Publication Type:Journal Article
Keywords: SIRT1 expression; apoptosis; erectile function; nitric oxide/cyclic guanosine monophosphate signaling; oxidative stress
MeSH: Animals; Male; Rats; Cyclic GMP/metabolism*; Erectile Dysfunction/metabolism*; Nitric Oxide/metabolism*; Penile Erection; Penis/pathology*; Phosphodiesterase 5 Inhibitors/pharmacology*; Rats, Sprague-Dawley; Sirtuin 1/metabolism*; Superoxide Dismutase/metabolism*; Tumor Suppressor Protein p53/metabolism*
From: Asian Journal of Andrology 2022;24(6):666-670
CountryChina
Language:English
Abstract: Silent information regulator 2-related enzyme 1 (SIRT1) is an aging-related protein activated with aging. Herein, we evaluated the role of SIRT1 in aging-related erectile dysfunction. The expression of SIRT1 was modulated in aged Sprague-Dawley rats following intragastric administration of resveratrol (Res; 5 mg kg^-1), niacinamide (NAM; 500 mg kg^-1) or Res (5 mg kg^-1) + tadalafil (Tad; phosphodiesterase-5 [PDE5] inhibitor; 5 mg kg^-1) for 8 weeks. Then, we determined erectile function by the ratio of intracavernosal pressure (ICP)/mean systemic arterial pressure (MAP).
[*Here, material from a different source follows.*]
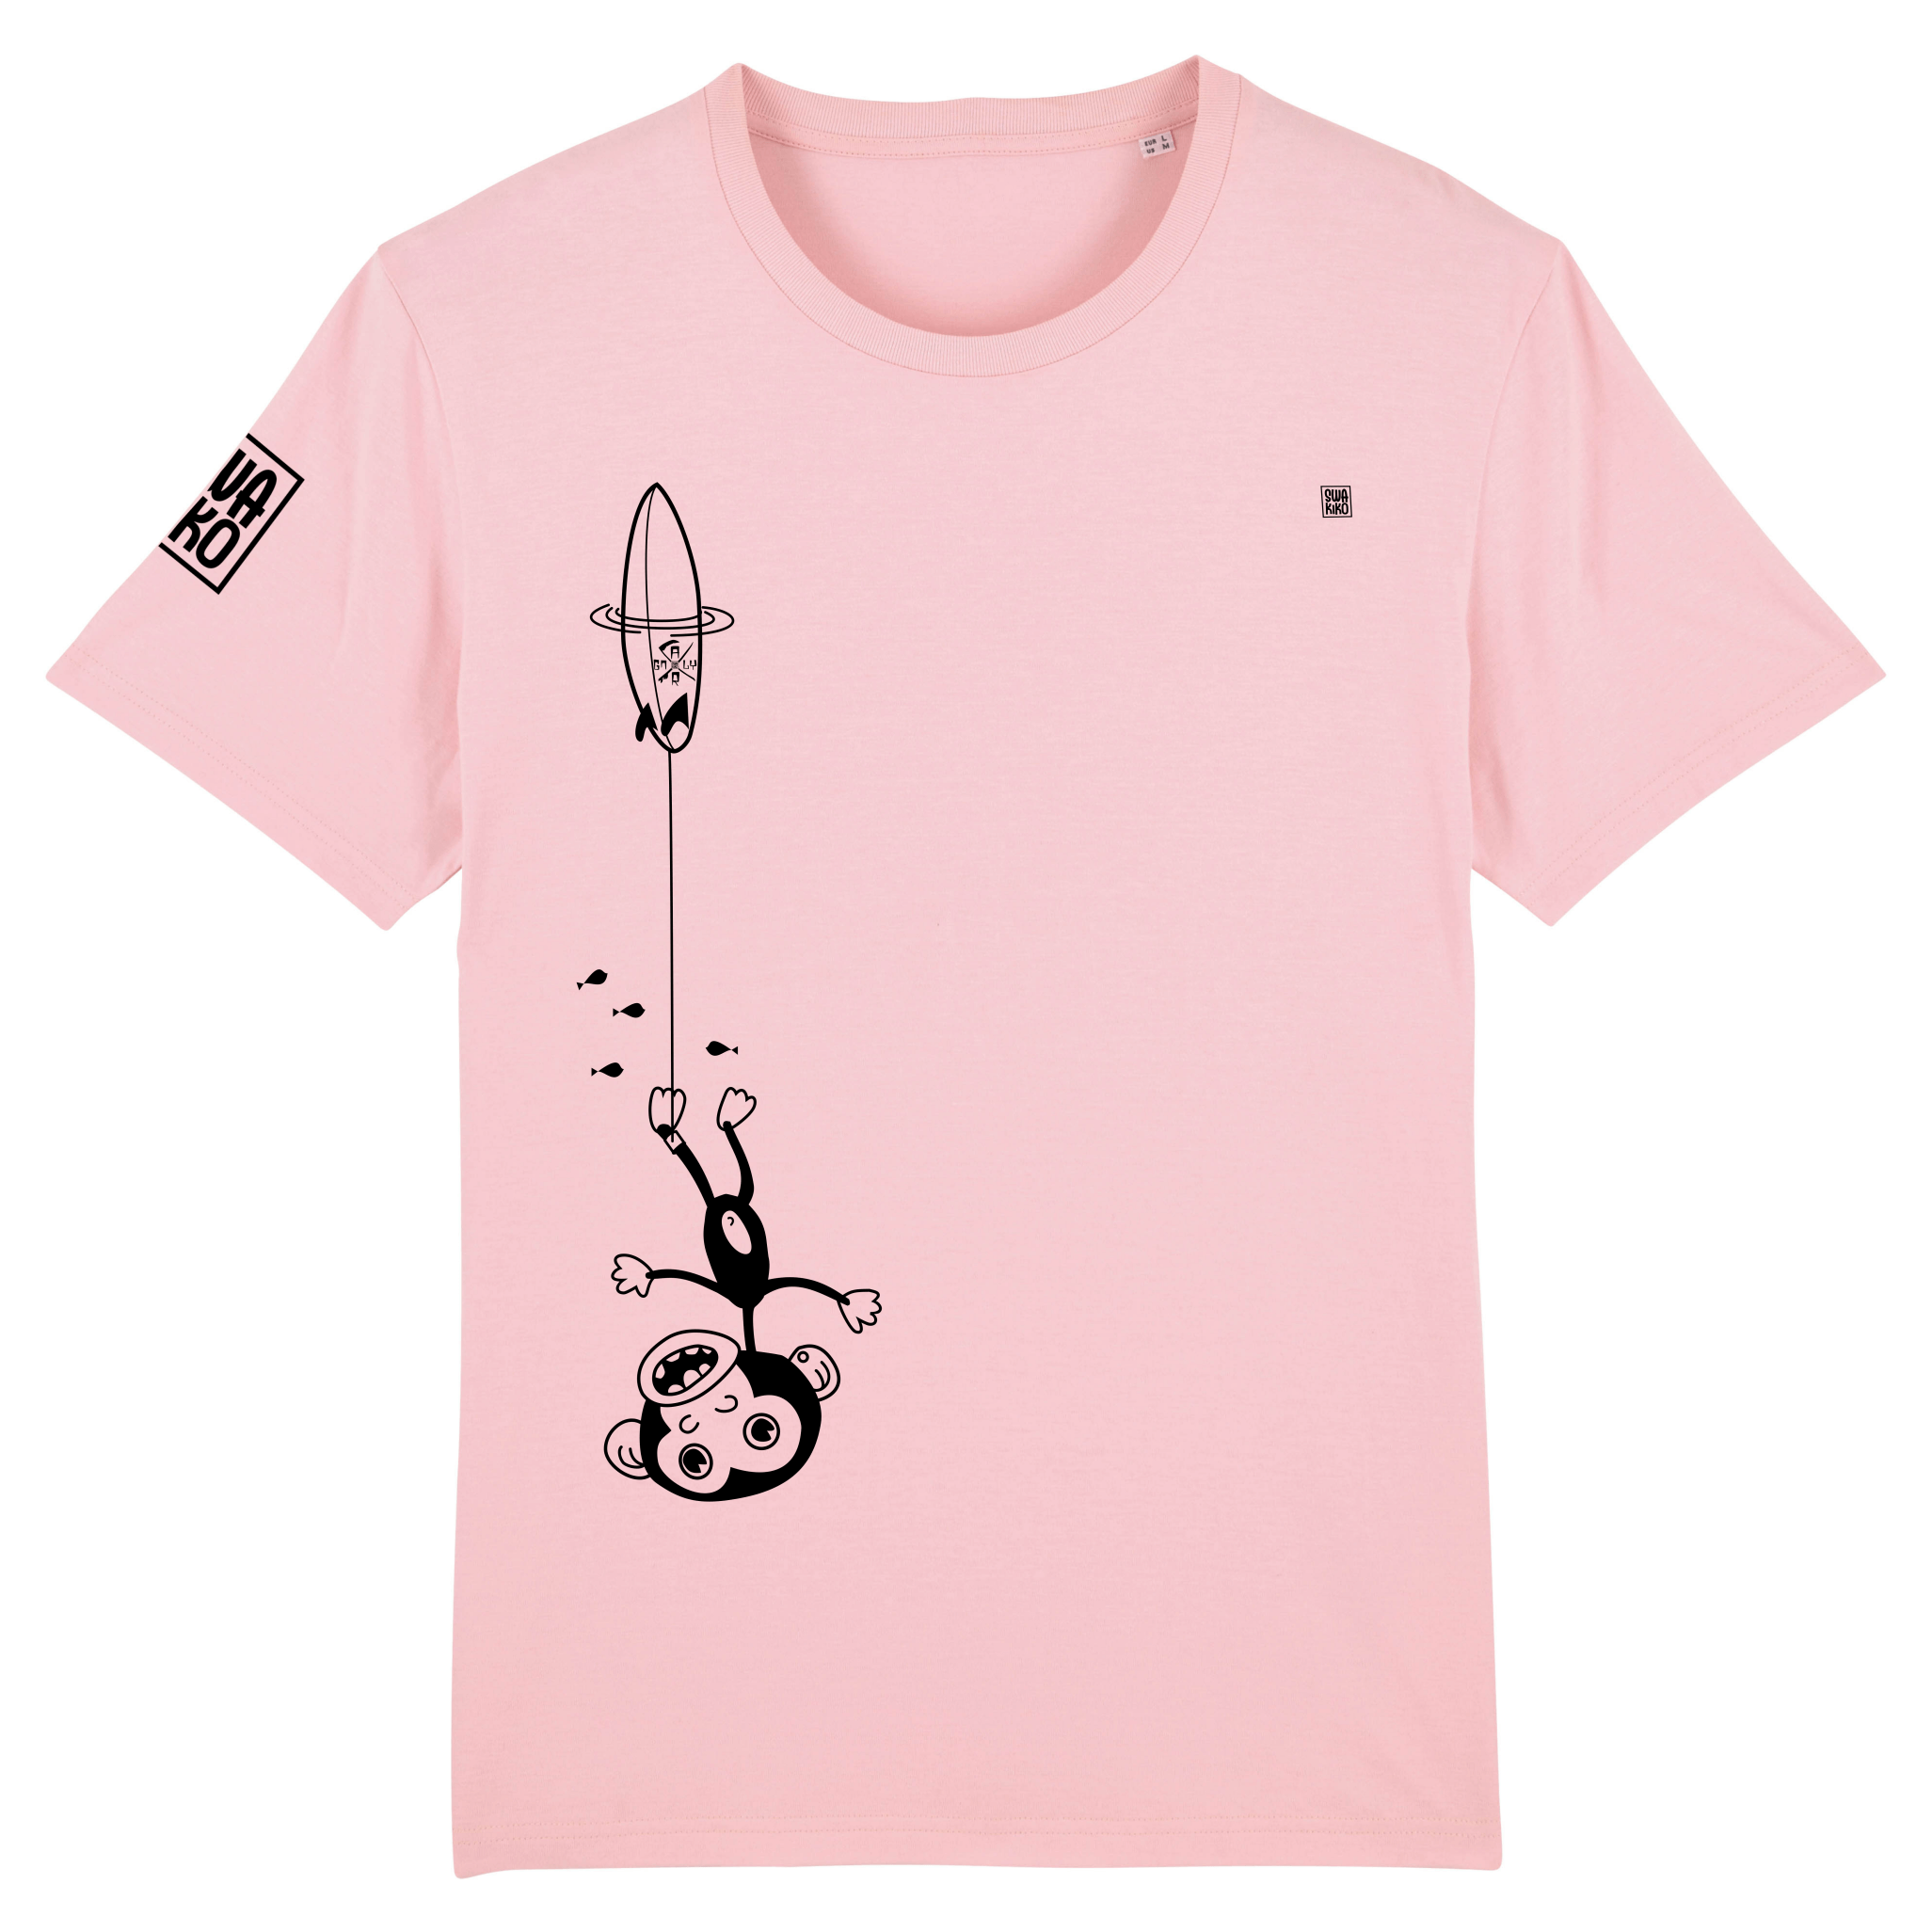 Grappig roze surf T-shirt: Ondersteboven hangende aap aan surfboard, gepakt door golf - Hilarisch design

Cavernosal tissues were extracted to evaluate histological changes, cell apoptosis, nitric oxide (NO)/cyclic guanosine monophosphate (cGMP), the superoxide dismutase (SOD)/3,4-methylenedioxyamphetamine (MDA) level, and the expression of SIRT1, p53, and forkhead box O3 (FOXO3a) using immunohistochemistry, terminal deoxynucleotidyl transferase (TdT)-mediated 2'-deoxyuridine 5'-triphosphate (dUTP) nick-end labeling (TUNEL), enzyme-linked immunosorbent assays, and western blot analysis. Compared with the control, Res treatment significantly improved erectile function, reflected by an increased content of smooth muscle and endothelium, NO/cGMP and SOD activity, and reduced cell apoptosis and MDA levels. The effect of Res was improved by adding Tad. In addition, the protein expression of SIRT1 was increased in the Res group, accompanied by decreased p53 and FOXO3a levels. In addition, inhibition of SIRT1 by NAM treatment resulted in adverse results compared with Res treatment. SIRT1 activation ameliorated aging-related erectile dysfunction, supporting the potential of SIRT1 as a target for erectile dysfunction treatment.